Peter sits down on CNBC’s The Rundown to discuss China’s rising real estate market. While Tier 1 cities like Beijing, Shanghai and Shenzhen have seen double digit growth, Tier 2 cities are also beginning to see their local markets grow.
Pauline Chiou: On the one hand we have seen some of the limits, the restrictions that have been put in place, whether it’s the bidding restrictions or limits on land prices; we’ve seen the effect of those at least in the first tier cities, based on the latest numbers that came out.
Peter: Well that is correct, you’ve got to think that the China real estate market is in its second bull market since the Global Financial Crisis in 2008. We’re now about 15 or 18 months into the second upswing since the GFC and that upswing has really been generated by policy measures which have removed some of the restraints that were put in place after the last bull market. But this bull market has been what I would call a two-speed market.
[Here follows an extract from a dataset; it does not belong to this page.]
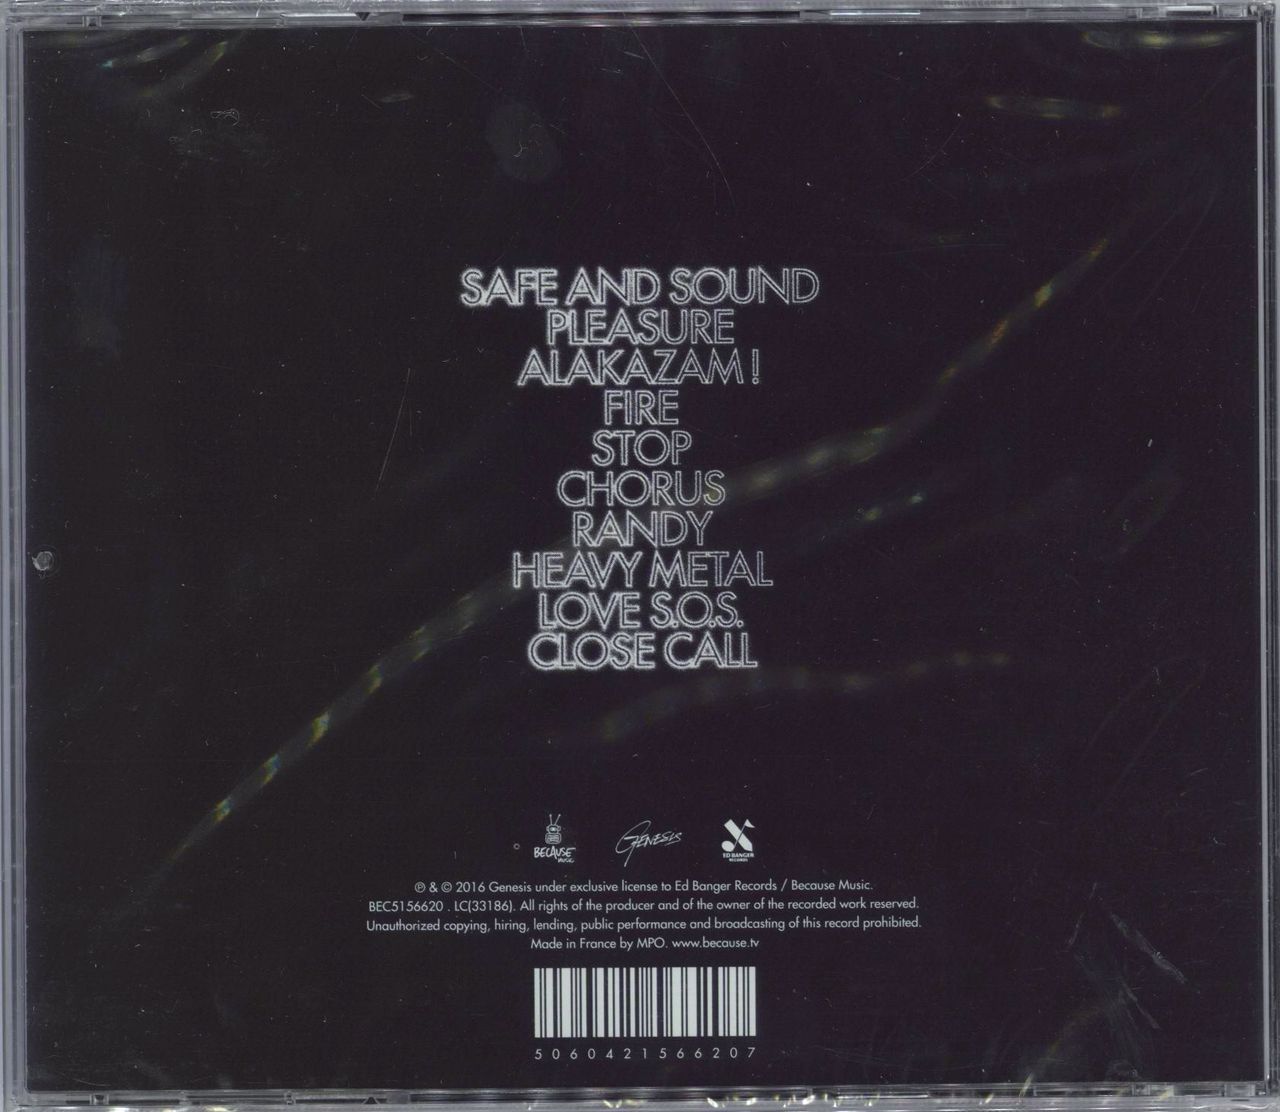 Justice Woman - Sealed UK CD album (CDLP) 5060421566207
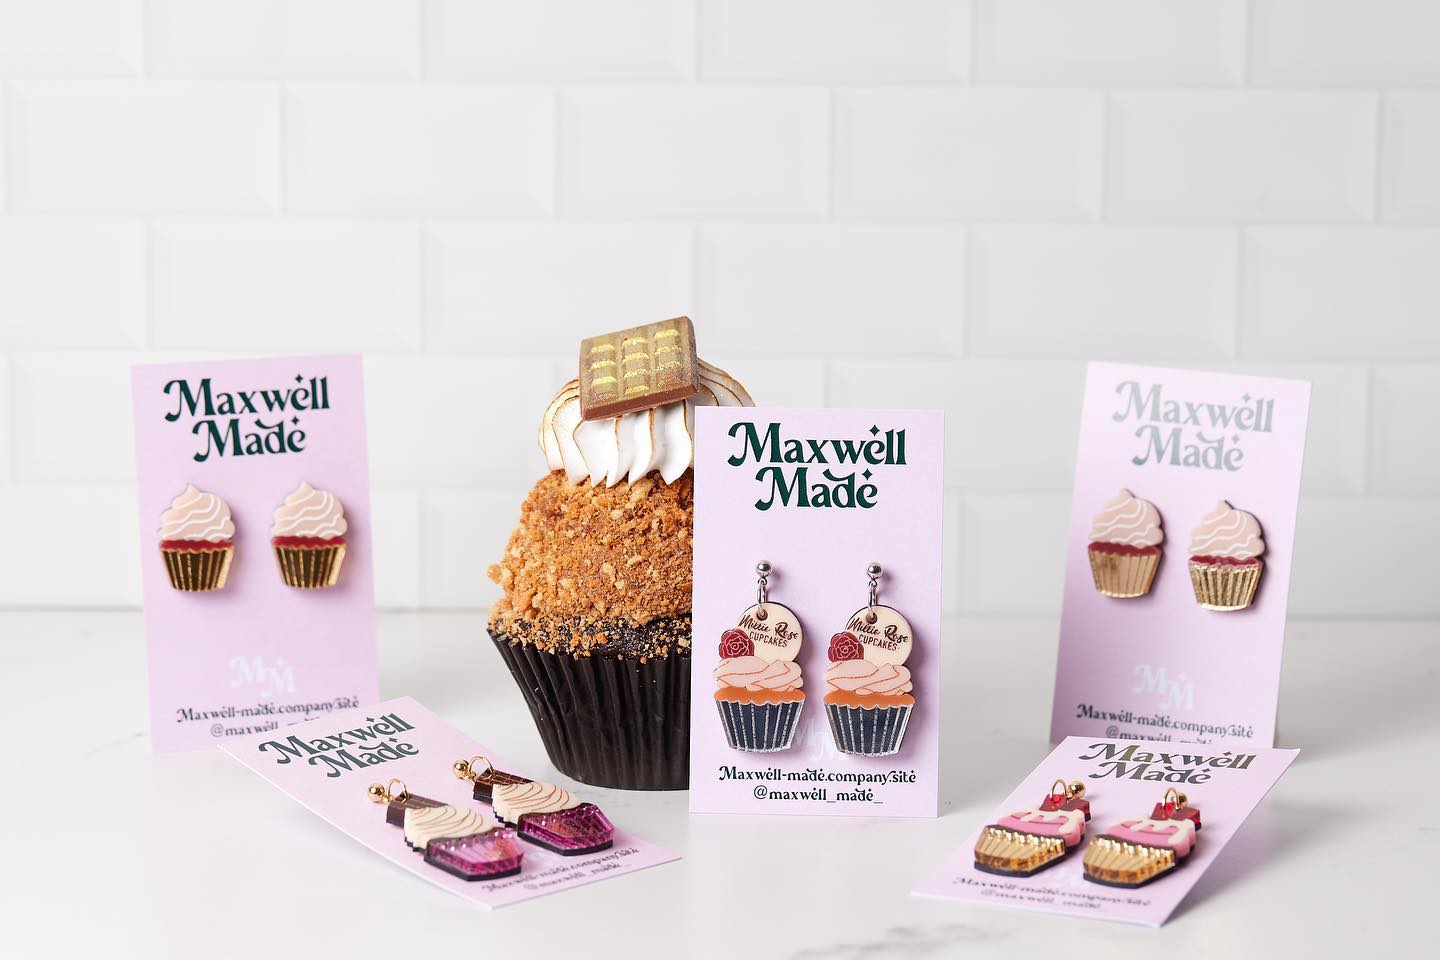 Cupcake Earrings - Maxwell Made

We’ve really seen the big increases come in what I would call the Tier One cities, Shenzhen, Shanghai, Beijing, but those increases are now spreading to the smaller cities, even some of the Tier Three and Tier Four cities, and as you say, we’re now getting to a point where the vast majority of cities in China are seeing month-on-month increases in property prices, whereas a few months ago that would have been month-on-month decreases.
Pauline Chiou: And Peter while we saw a cool-down in Tier 1 cities, as you said, we did see a pick up in Tier Two, Tier Three cities, and you say that’s sort of speaks to the fact that China’s property market is really less homogenous than it used to be. Help us understand more of what you mean by that.
Peter: It used to be the case where just about every city went up and down together, but that’s not been the case in this particular cycle and I think that’s because a lot of the developers after the last cycle increased their land acquisitions and building activity in the smaller cities, the Tier Three and Tier Four cities, and what actually happened there was we ended up with a significant oversupply and a big buildup of inventory in those Tier Three and Tier Four cities. Even today, the inventory levels in those cities is running at 16 or 17 months, or even a bit higher in some cases, of average sales, whereas the inventory levels in Tier One cities are much, much lower at about 12 or 13 months. So I think what you’ve seen was that big build up of supply in those Tier Three and Tier Four cities which has lead the two-speed market.